Making Your Shoulder Bolder

Hello Folks!

Hanging out at the gym, especially around the first of the year, you hear a lot of people excited to try an exercise that is new to them.  For too many of them, “I’m really excited to try this new program,” is followed by, “but I don’t know if my shoulder will let me.”

If you’ve ever said that, then this post is for you.

Let’s start with a basic shoulder evaluation:

1)     Find a bare wall.  Yes, it needs to be a wall and not the floor.  If you use the floor, gravity will add too much stretch for some of you.

2)     Put your back to the wall and keep the back of your head touching the wall too.  If you can’t keep or get your head to the wall, move it as close as you can.  However, that means that some of your shoulder problems are actually posture issues.  For most people, those issues can be fixed.  Continuing on…

3)     Bring your feet back so that your heels are touching the wall.

4)     With your hands hanging at your sides, touch the wall with the backs of your hands and your elbows.

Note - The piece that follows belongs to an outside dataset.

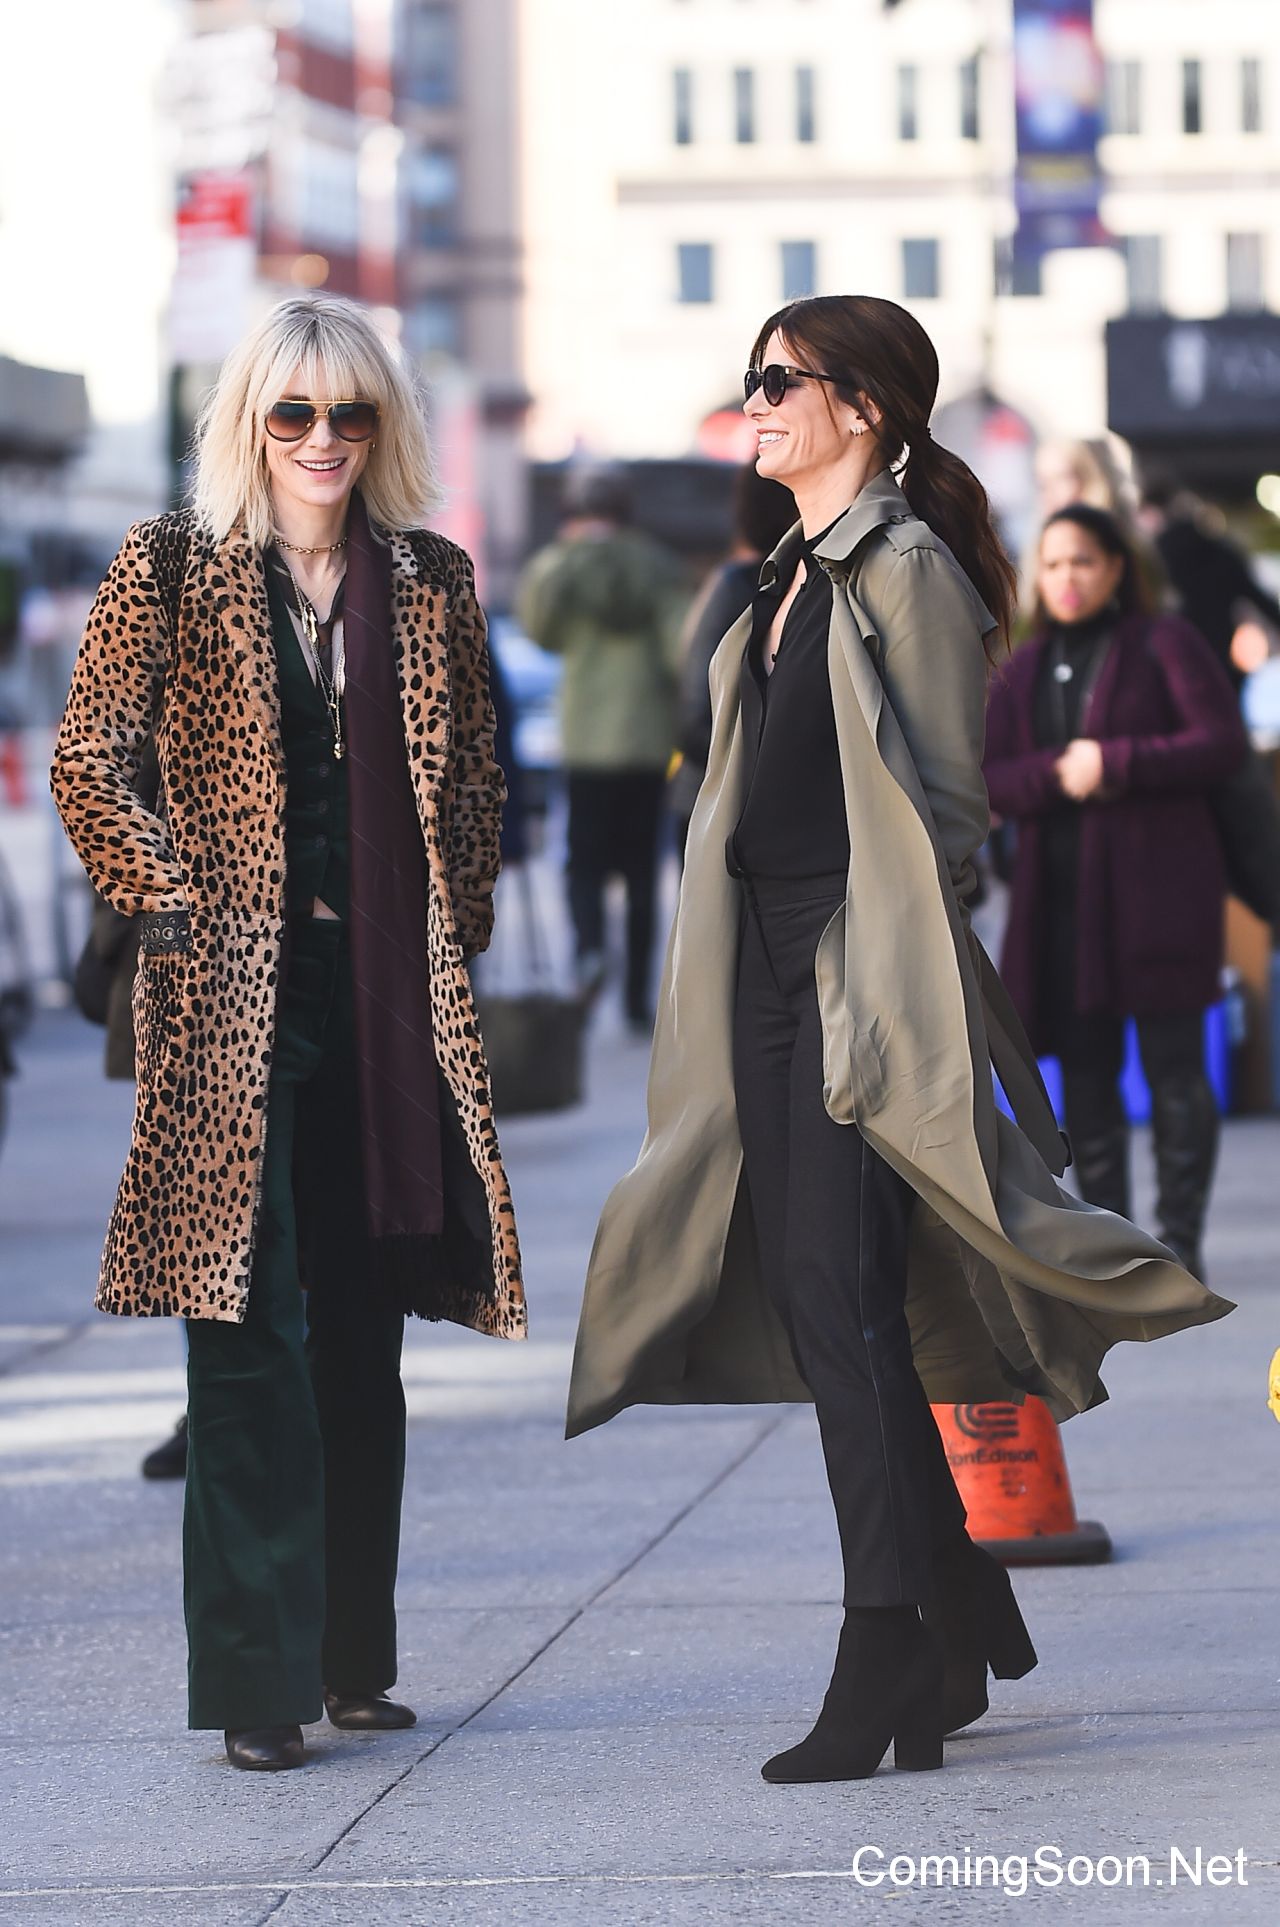 NEW YORK, NY - OCTOBER 24:  Actresses Cate Blanchett and Sandra Bullock (L) are seen on the set of "Ocean's Eight" on October 24, 2016 in New York City.  (Photo by Raymond Hall/GC Images)

5)     Pack your shoulder blades away from your ears and toward your butt—make sure to keep them packed through the rest of these steps.

6)     Keeping everything mentioned above touching the wall, bring your hands toward your shoulders, and then continue until they are straight in the air (or as high as you can get them with everything continuing to touch the wall.)

7)     Lower your arms (while keeping your hands pointing up) until your elbows are at your sides.

Arms at the side

Arms at the side and touching the wall

Arms over head

Arms over head and touching the wall…our model has some shoulder restrictions that you can easily see in this picture.

The whole process above looks sort of like you’re making “snow angels” if you can go through the full range of motion.  If you can’t do one or more parts of the above, then your exercise is to get to where you can.  You do that by going to a point of discomfort (not pain), and using your muscles to hold you there for a slow count of 20-30.  Rest for up to a minute and repeat it 5 times.  Over a few days to weeks, your movement should continue to improve.  If it doesn’t, there’s a strong change that your shoulder issue is just a symptom of a problem somewhere else.

If you can do the above, then it is time to start adding some resistance.

8)     Go through steps 1-7 above, and at step 7, squeeze your elbows into your side.  Hold that contraction for 20-30 seconds, rest for up to a minute between reps, and repeat it 5 times.  Remember to keep your shoulders packed toward the ground throughout the exercise.

9)     For some, you will want to do step 10 before this one, but for most people that won’t be necessary.  Once you have the above mastered, grab a couple light dumbbells or a couple of water bottles (with the lids tightly sealed) and go through steps 1-6.  When your arms are in the air, hold the weight there for 20-30 seconds.  Keep your shoulders packed and make sure that you keep everything touching throughout the entire exercise.  Continue on to steps 7-8.

10)   Once you’ve mastered 1-9, or if you find 9 too challenging, it is time for the bungee cord (or stretchy bands).  You can do this one while lying on the floor if you don’t have something that is elevated and adequately secure.  Wrap the bungee around something that allows your arm to be at about a 45 degree angle from your head.  (You’ll do one arm at a time for this.)  **Please make sure that whatever you wrap the bungee around will not move, fall, crush you, break something, hurt someone else, etc. when you pull on it, and that the bungee itself is tied securely so it doesn’t come loose and slap you.**

Unpacked shoulder

An unpacked shoulder

Packing the shoulder with resistance from exercise tubing.

Packing the shoulder with resistance from exercise tubing.

This is the only time in any of these exercises when you will allow your shoulder to become unpacked.  You’ll grab the bungee and move away until your shoulder is unpacked.  There won’t be a lot of tension on it, but it will be unpacked.  The exercise is to pull your shoulder back into a packed position against the resistance of the bungee, hold it for 20-30 seconds, and then slowly release back to unpacked.  Repeat 5 times.

Once you are doing well with that version of the exercise, you can add more resistance by keeping your shoulder packed when you first hold the bungee, move away to create tension, and then slowly release your shoulder from packed position before you begin the exercise.

While there is more you can do to keep your shoulders in good working (and playing!) condition, the above will get you started.